Path to the directory to use as cache for the intermediate files. If not provided, the value passed to --outDir will be used as root, i.e. <outDir>/cache.

--files_latency

Sleep time (in seconds) after the genome and proteins have been fetched. Needed by several file systems due to their internal latency. By default, 60 seconds.

Pipeline configuration

Using the provided nextflow.config

We are using profiles to be able to run the pipeline on different HPC clusters. The default is standard.

  • standard: uses LSF to run the compute heavy jobs. It expects the usage of scratch to use a low latency filesystem.
  • slurm: uses SLURM to run the compute heavy jobs. It expects the usage of scratch to use a low latency filesystem.

Using a local configuration file

You can use a local config with -c to finely configure your pipeline. All parameters can be configured, we recommend setting these ones as well:

  • process.scratch: The patch to the scratch directory to use
  • workDir: The directory where nextflow stores any file

Information about all the parameters

nextflow run ./ensembl-genes-nf/pipelines/nextflow/workflows/statistics.nf --help

Ensembl dependencies

These are the Ensembl repositories required by this pipeline:

Repository name branch URL
ensembl default https://github.com/Ensembl/ensembl.git
ensembl-analysis main https://github.com/Ensembl/ensembl-analysis.git
ensembl-io default https://github.com/Ensembl/ensembl-io.git
ensembl-genes default https://github.com/Ensembl/ensembl-genes.git

It is recommended that all the repositories are cloned into the same folder.
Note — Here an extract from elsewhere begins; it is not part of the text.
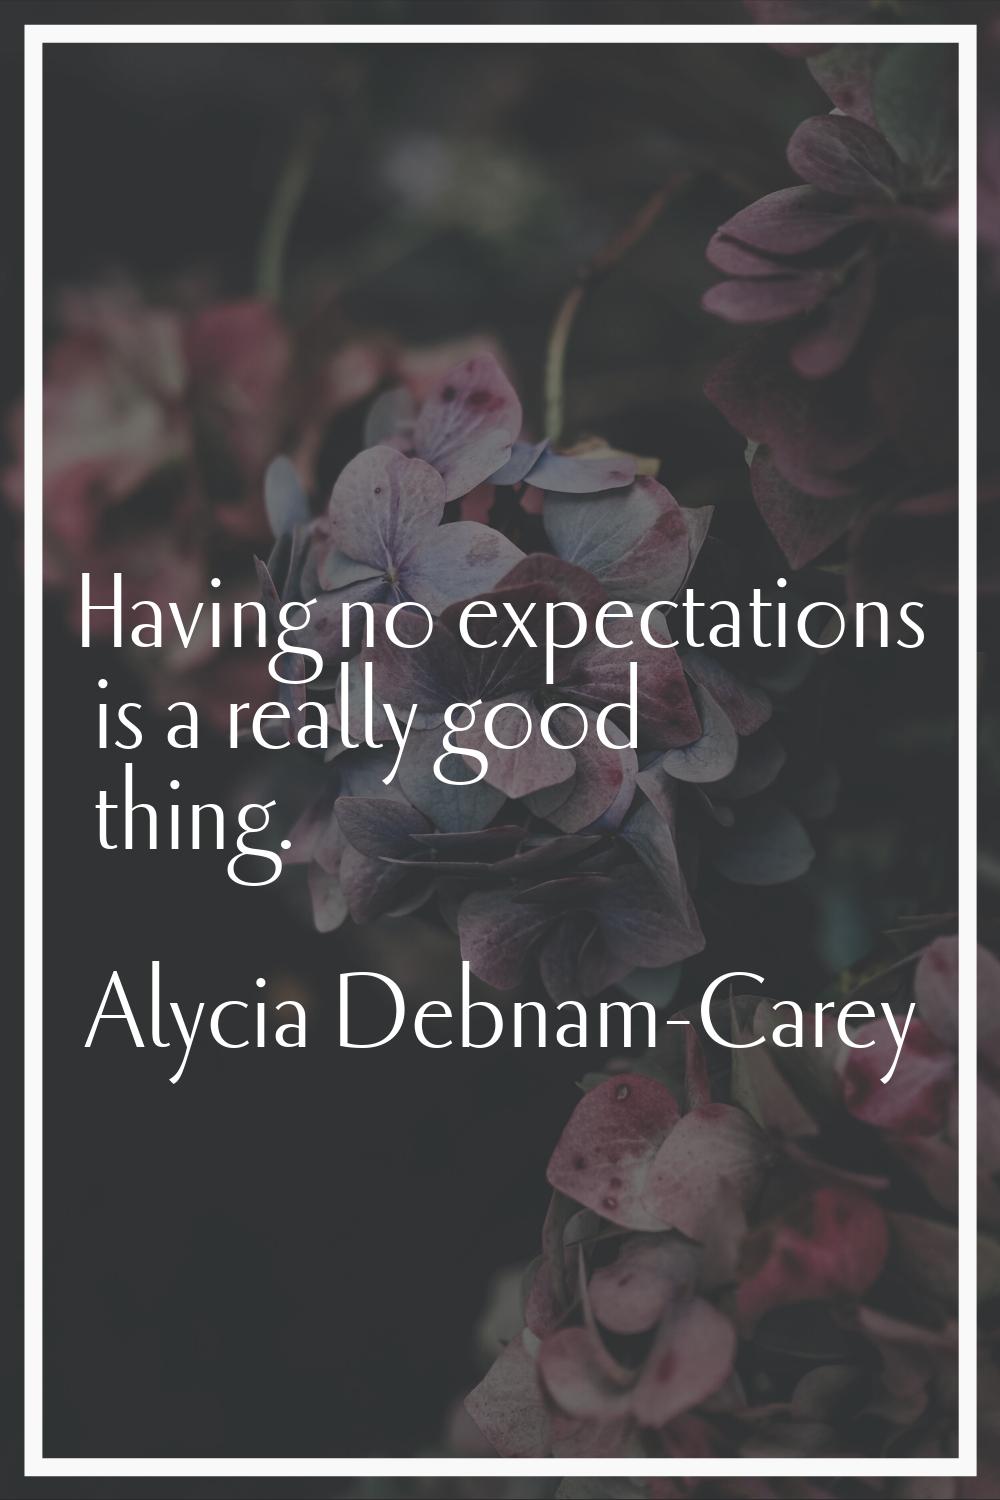 Having no expectations is a really good thing.

Remember that, following the instructions in Ensembl's Perl API installation, you will also need to have BioPerl v1.6.924 available in your system. If you do not, you can install it executing the following commands:

wget https://github.com/bioperl/bioperl-live/archive/release-1-6-924.zip
unzip release-1-6-924.zip
mv bioperl-live-release-1-6-924 bioperl-1.6.924

It is recommended to install it in the same folder as the Ensembl repositories.